Murder accused made 'alarming' comments

Adrian Basham is accused of murdering his ex-wife Samantha Fraser at her home on Phillip Island. (AAP)

A Victorian man accused of killing his ex-wife swamped a mutual friend with alarming phone calls and threatened to 'make her pay', a court has been told.

Adrian Basham, 45, is on trial in the Victorian Supreme Court charged with murdering Samantha Fraser at her Phillip Island home in July 2018, the day after she turned 38.

Peter Matthews, a friend of the couple, said after they separated in early 2017, Basham would constantly ring him to angrily criticise Ms Fraser and complain about spending money on a counsellor they both saw.
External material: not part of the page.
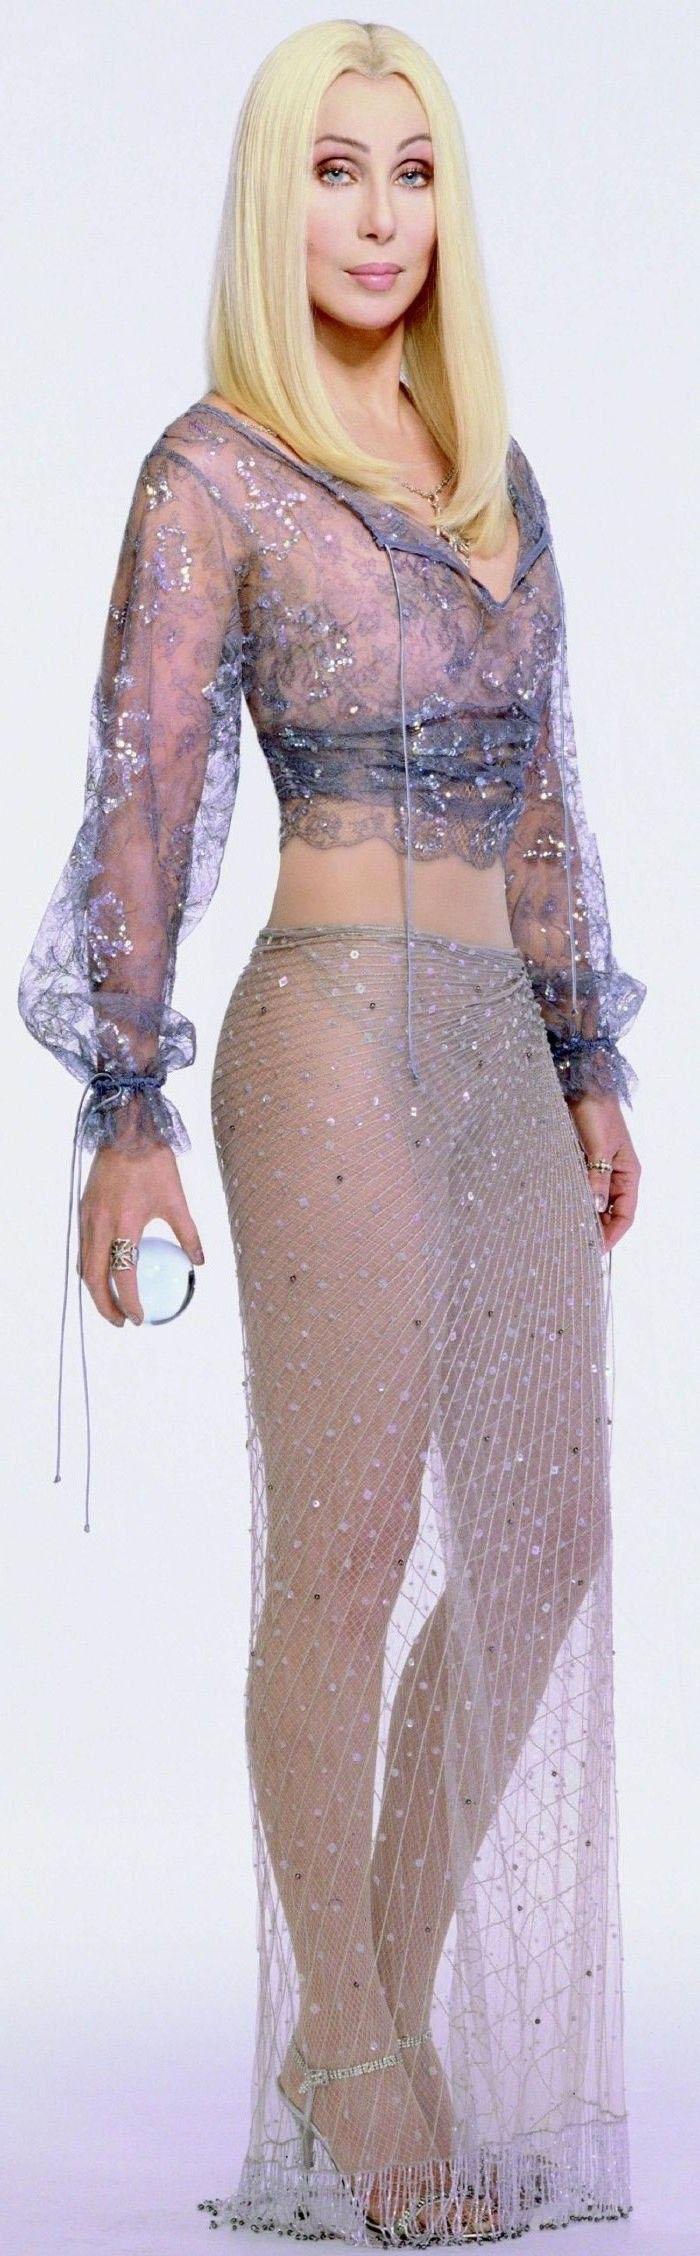 Cher Nago. Zdjęcie - 17

Mr Matthews said he once came across Basham in the surf at Cat Bay and the 45-year-old made "alarming and confronting" comments about what he wanted to do to Ms Fraser.

"He said he would cripple her financially - take the house, the savings and anything of value," Mr Matthews told the court on Wednesday.
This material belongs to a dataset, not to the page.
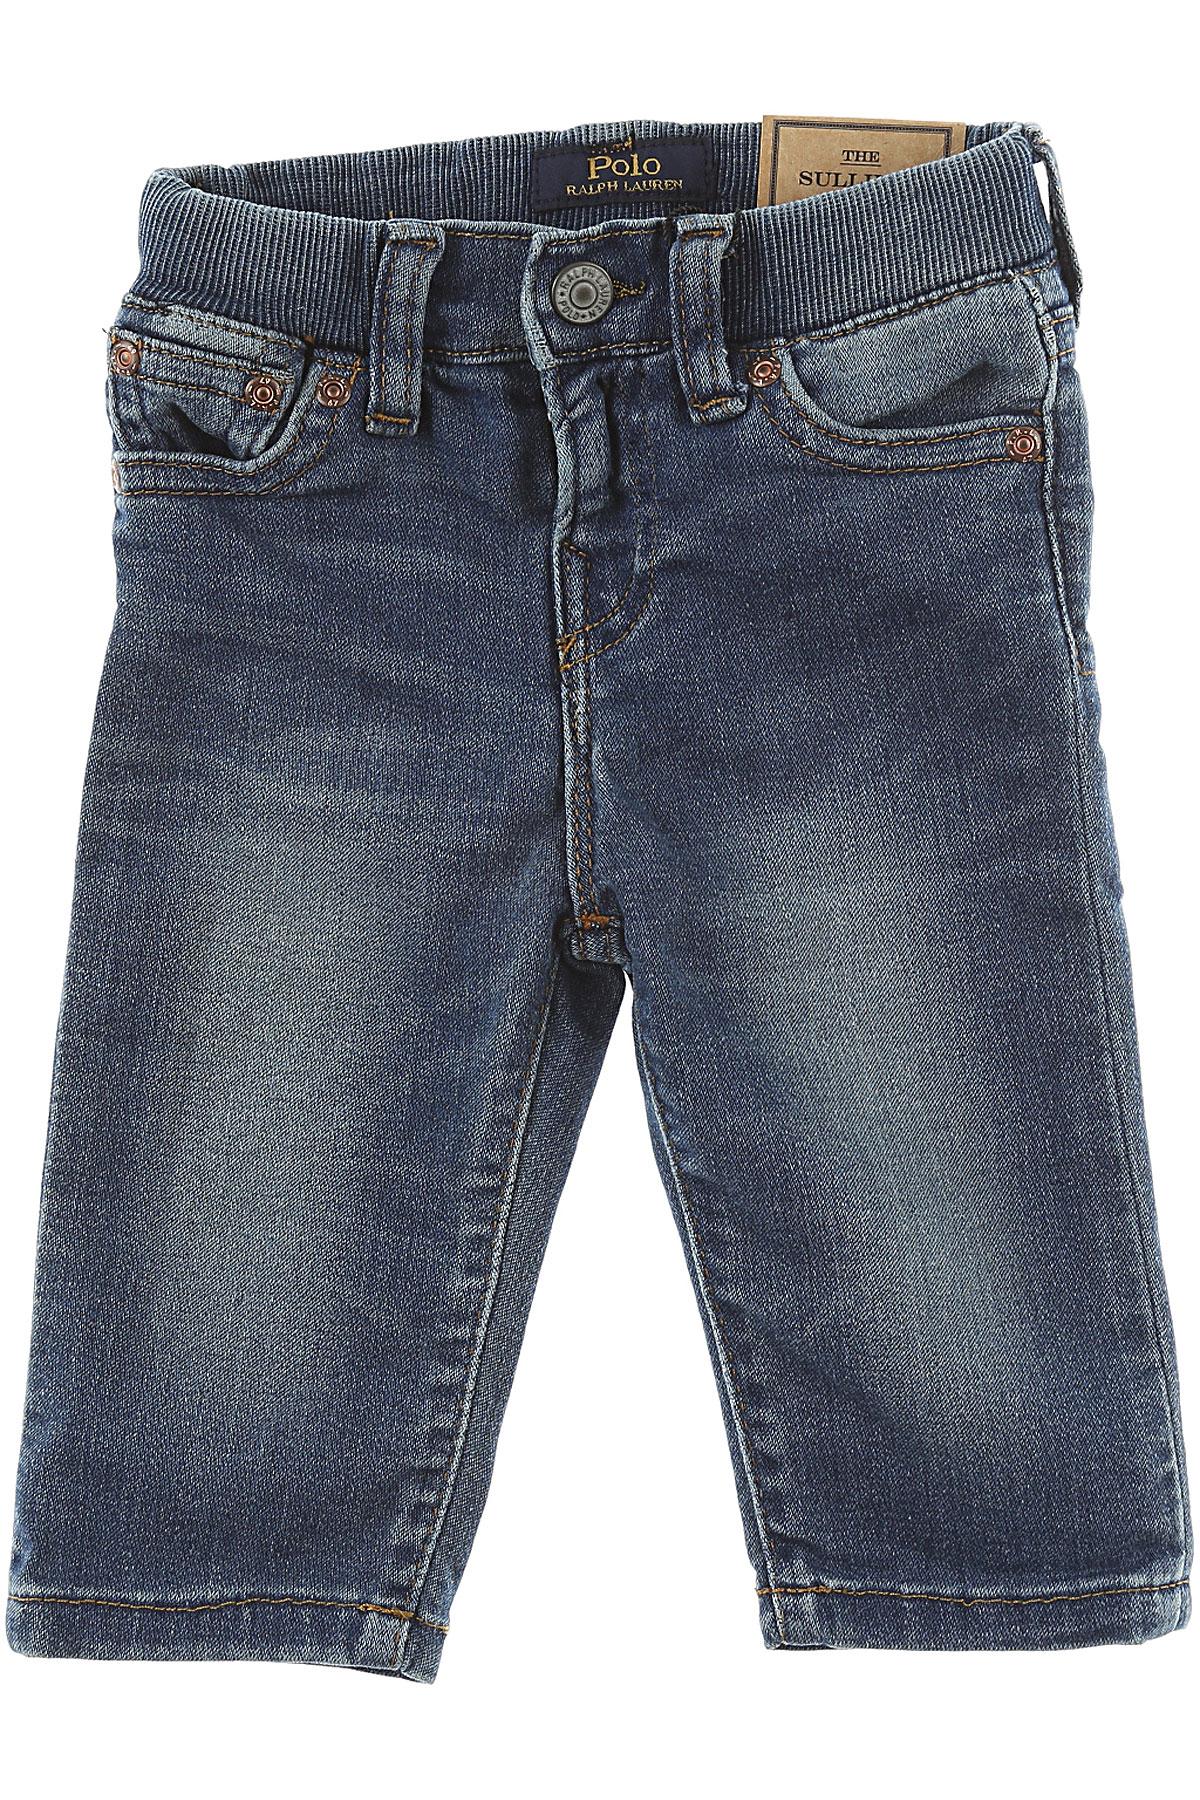 Image of Ralph Lauren Baby Jeans for Boys, Denim, Cotton, 2017, 12M 18M 2Y 3M 6M 9M

"He alluded to 'making her pay in other ways', but was vague when I tried to press him about what this meant."

Mr Matthews said Basham rang him seven times in one day in May 2017, with each call lasting between 45 minutes and two hours.

"It felt like a million phone calls from him ... I became really concerned about Samantha's safety," Mr Matthews said.

"He'd ring in a really aggressive or manic tone and would just ramble and ramble about what a bad person she was.

"It would get darker after I tried to counsel him."

Mr Matthews wrote a letter to police in July 2017, detailing his safety concerns for Ms Fraser.

She had met Basham in late 2005 and they married in 2007.

Ms Fraser took out intervention orders against him after they separated in 2017.

In July 2018, Basham turned up at her Cowes home and waited for 90 minutes, while she dropped their children at school and had coffee with a friend at a local cafe.

It's alleged he strangled her with a rope and then manipulated the scene to make it look like suicide.

Basham had threatened Ms Fraser after they separated, prosecutor Nanette Rogers SC previously said, warning her that violent criminals could easily break into her home.

He also allegedly told her that "if I can't have you, then no one will".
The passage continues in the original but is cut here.